Before we explore the role of forgiveness in relation to your recovery, it will be important to ensure that you are in the right frame of mind. This means that you will not be filtering what is being shared through defensive, aggressive, defiant or otherwise emotionally tortured feelings. For the remainder of this skill development area, empty your mind of all predetermined feelings regarding whether you should or should not forgive those who have wronged you, forget about the nature of the wrongs and let go of any pressure you may feel towards the expectation you may feel to forgive someone. Consider only how forgiveness (or the decision not to forgive) can be used to further your own transition towards a stable, balanced life.

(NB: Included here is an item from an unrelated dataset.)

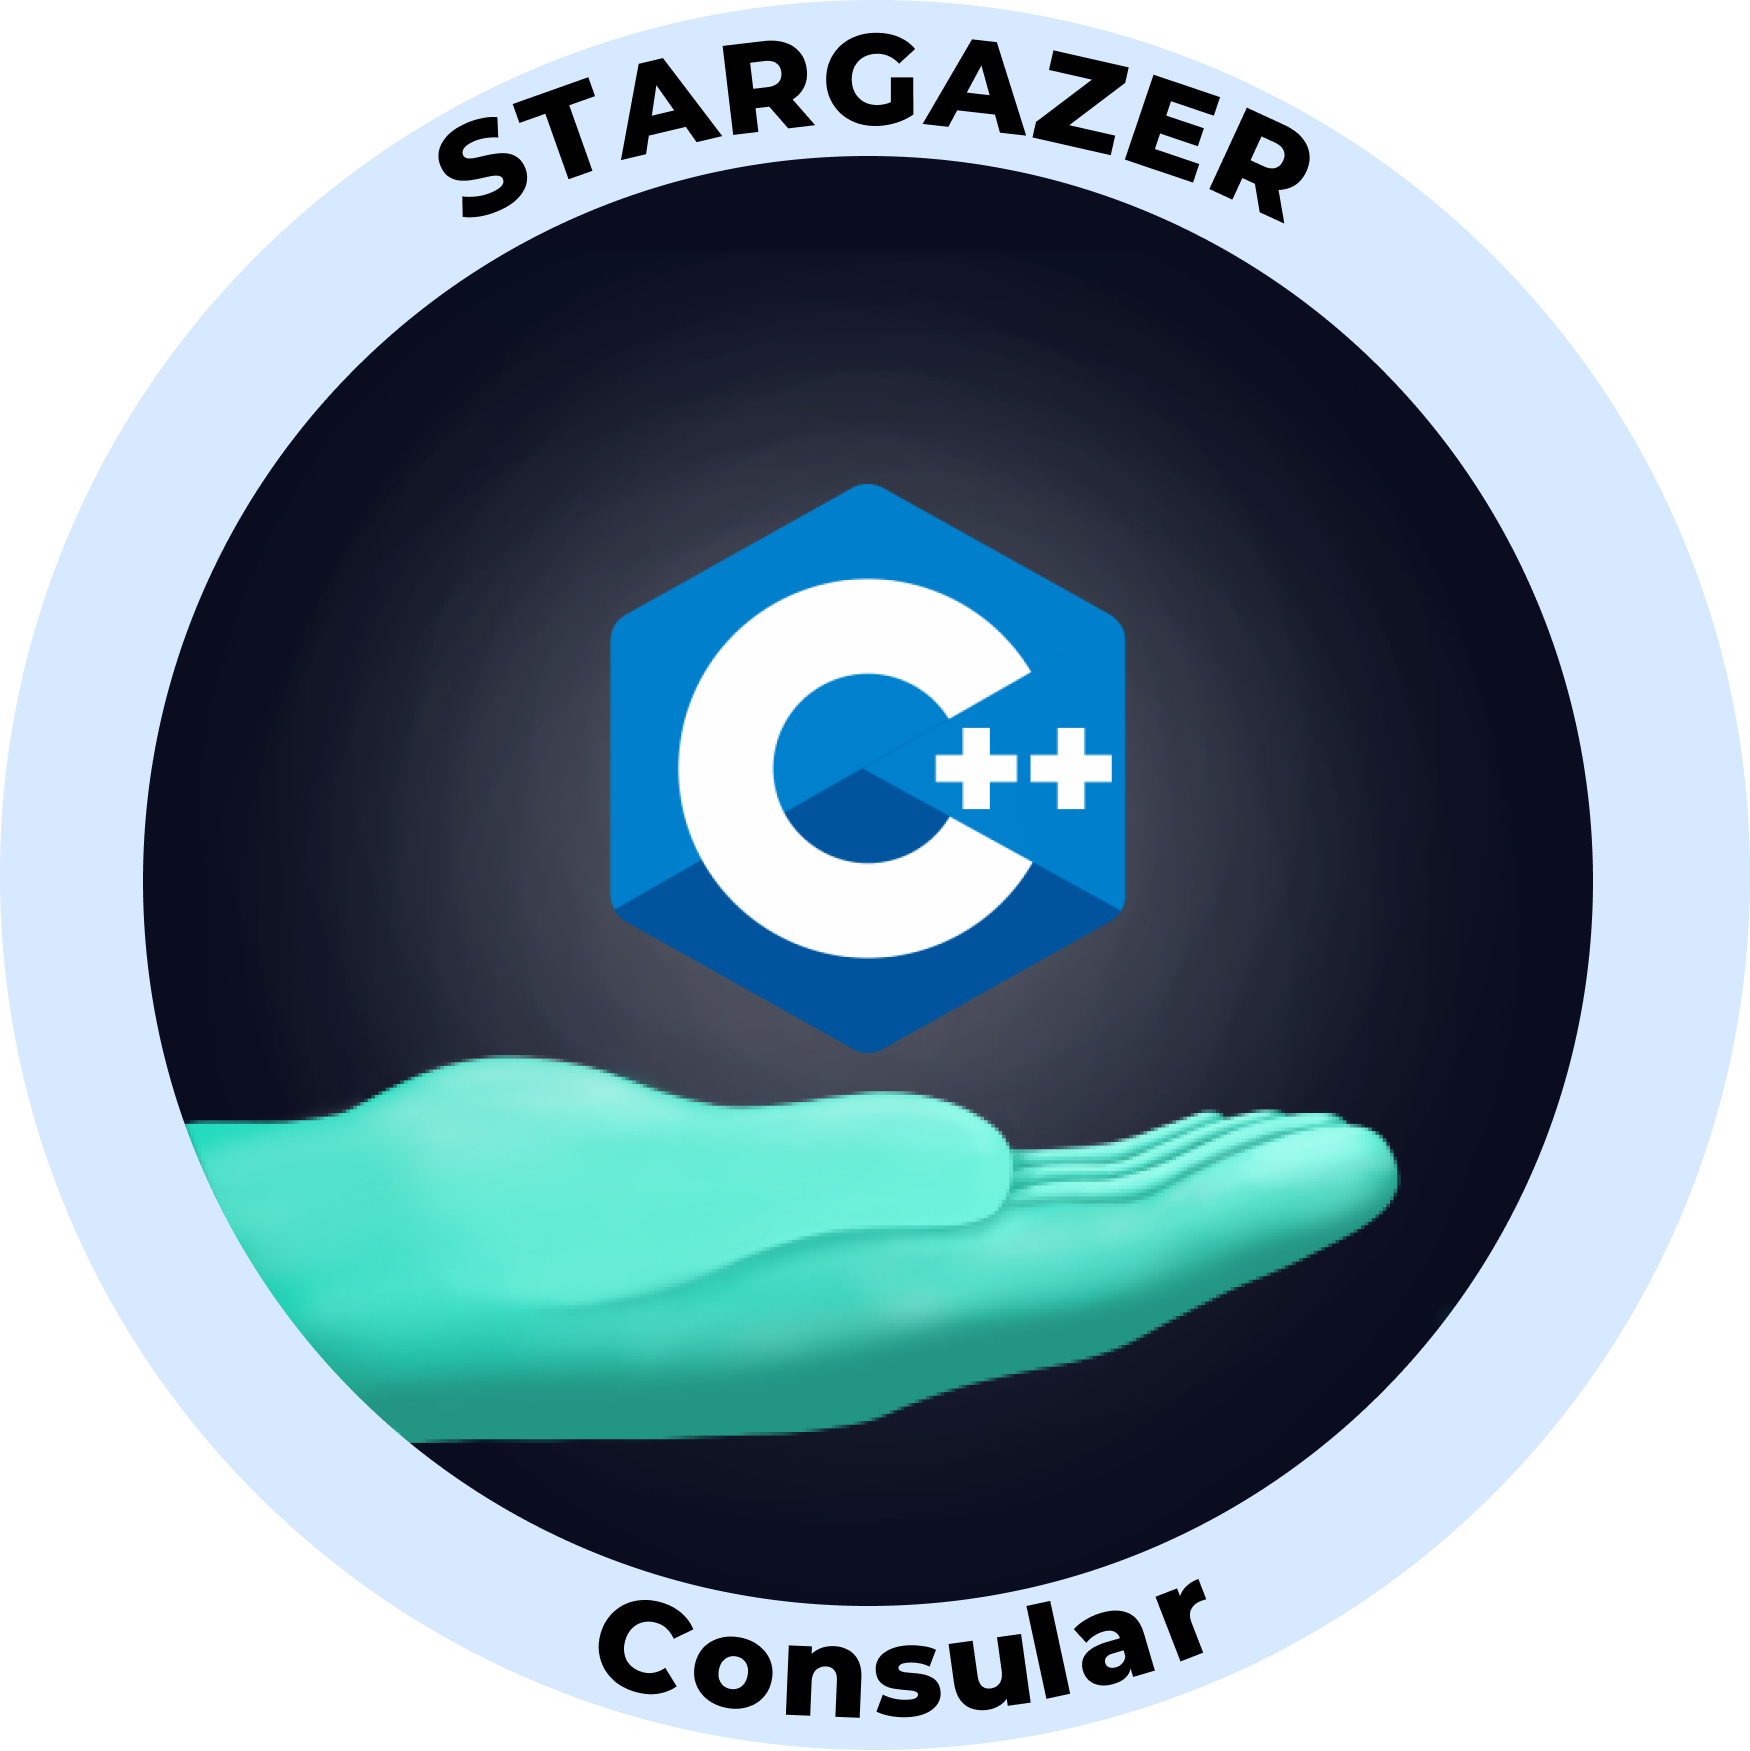 Web3 Badge | Stargazer: C++ Consular

Everyone —every single one of us —has been mistreated by another person at some point in our life. We may have been abused, treated unfairly, lied to, abandoned, neglected, molested, humiliated, dominated, withheld love, etc. Or, the issues may not have involved us directly, but the consequences still had a tremendous effect on our lives. Situations like parental infidelity/promiscuity, parental divorce, the abuse of a sibling, careless behavior of a family member/spouse that led to their death (or the death of another), incarceration, etc. No matter who we are or what our backgrounds, we all have lingering issues that require the need to make decisions as to whether we should forgive or not forgive the person that perpetuated the wrong. This is especially true in addiction recovery, as it is often these very wrongs that precipitated the development of the destructive patterns to begin with. Now, we have already discussed the role of family in the development of addiction, but there are others that can play just as significant a role —your spouse, your friends, a teacher, yourself (most of us, as we begin to assess the consequences of our actions, develop a self-hatred for who we are, the opportunities we have wasted, the pain that we have caused others, etc.) As you explore the issue of forgiveness, begin by examining your life in the context of your life span. That is, instead of referring to behaviors that occurred in the past in terms of how they have affected your life as it is now, see these behaviors as they occurred at the time they occurred.. This is a critical part of learning how to forgive, as it allows you to forgive with understanding and compassion; or should you choose not to forgive, to do so also with an understanding and compassion (for yourself). It is only through a brave, honest, open look at all of the elements involved with a particular harmful act that personal closure can be achieved.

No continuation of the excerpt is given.